Linden Grove Township is a township in Saint Louis County, Minnesota, United States. The population was 113 at the 2020 census.

State Highway 1 (MN 1) and State Highway 73 (MN 73) are two of the main routes in the township. Highway 1 runs east–west through the township. Highway 73 runs north–south through the township.

The unincorporated communities of Meadow Brook and Linden Grove are located within Linden Grove Township. Cook and Orr are both nearby.

Linden Grove Township was named for the groves of linden trees within its borders.

==Geography==
According to the United States Census Bureau, Linden Grove Township has a total area of 35.4 sqmi, all land.

The unincorporated community of Linden Grove, within Linden Grove Township, is located 14 miles south of Orr, and eight miles west of Cook.

The Little Fork River flows through the northwest, central, and southeast portions of Linden Grove Township.

Beaver Creek flows through the northwest part of the township.

The west–central and southern portions of Linden Grove Township are located within the Sturgeon River State Forest.
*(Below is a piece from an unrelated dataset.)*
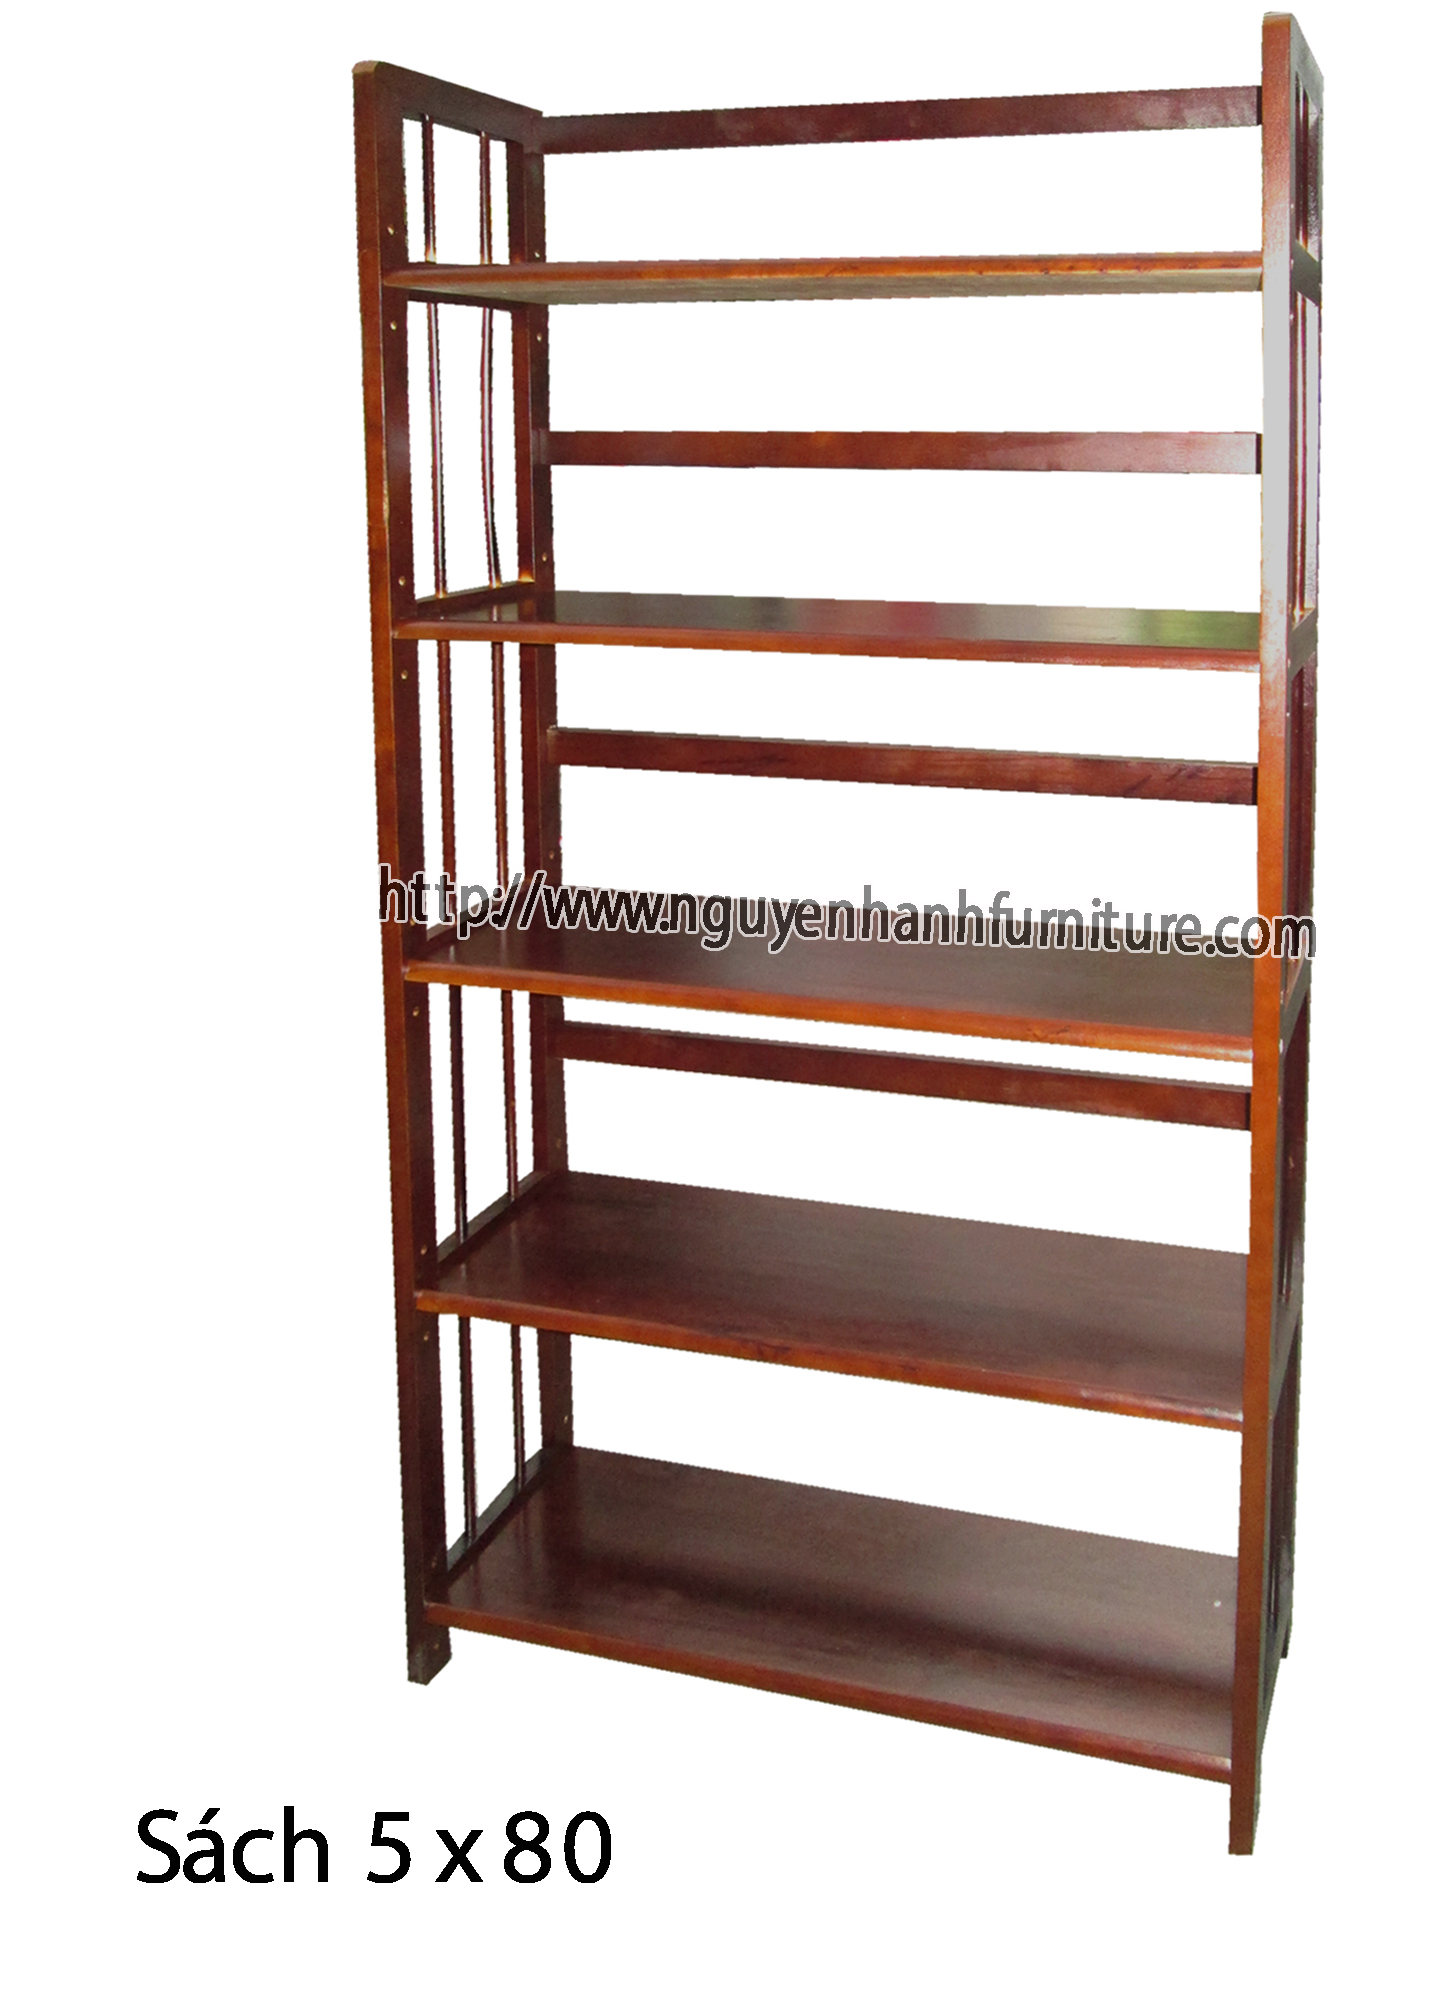 Name product: 5 storey Adjustable Bookshelf 80 (Brown) - Dimensions: 80 x 28 x 157 (H) - Description: Wood natural rubber

===Adjacent townships and communities===
The following are adjacent to Linden Grove Township:

- Field Township (east and northeast)
- Alango Township (southeast)
- Sturgeon Township (south)
- The unincorporated community of Sturgeon (south)
- Morcom Township (southwest)
- The unincorporated community of Bear River (southwest)
- Sturgeon River Unorganized Territory (west)
- The unincorporated community of Celina (west)
- Northwest Saint Louis Unorganized Territory (northwest)
- The unincorporated community of Greaney (northwest)
- Willow Valley Township (north)
- The unincorporated community of Gheen Corner (northeast)
- Kabetogama State Forest (north)

===Unincorporated communities===
- Linden Grove
- Meadow Brook

Carpenter Road runs north–south along Linden Grove Township's eastern boundary line with adjacent Field Township.

Olson Road runs east–west along Linden Grove Township's northern boundary line with adjacent Willow Valley Township in the northwest and north–central part of Linden Grove Township.

Range Line Road–County Road 139 (CR 139) runs north–south along Linden Grove Township's western boundary line with adjacent Sturgeon River Unorganized Territory. The roadway is in two separate disjointed sections.

Leander Road runs east–west along Linden Grove Township's southern boundary line with adjacent Sturgeon Township in the southwest corner of Linden Grove Township.

==Demographics==
As of the census of 2000, there were 141 people, 54 households, and 38 families residing in the township. The population density was 4.0 PD/sqmi. There were 89 housing units at an average density of 2.5 /sqmi. The racial makeup of the township was 90.78% White, 3.55% Native American, 3.55% Asian, and 2.13% from two or more races.

There were 54 households, out of which 42.6% had children under the age of 18 living with them, 59.3% were married couples living together, 7.4% had a female householder with no husband present, and 29.6% were non-families. 24.1% of all households were made up of individuals, and 7.4% had someone living alone who was 65 years of age or older. The average household size was 2.61 and the average family size was 3.13.

In the township the population was spread out, with 32.6% under the age of 18, 2.8% from 18 to 24, 31.9% from 25 to 44, 22.0% from 45 to 64, and 10.6% who were 65 years of age or older. The median age was 39 years. For every 100 females, there were 113.6 males. For every 100 females age 18 and over, there were 106.5 males.

The median income for a household in the township was $38,500, and the median income for a family was $48,125. Males had a median income of $34,167 versus $23,125 for females. The per capita income for the township was $18,004. There were none of the families and 3.1% of the population living below the poverty line, including no under eighteens and none of those over 64.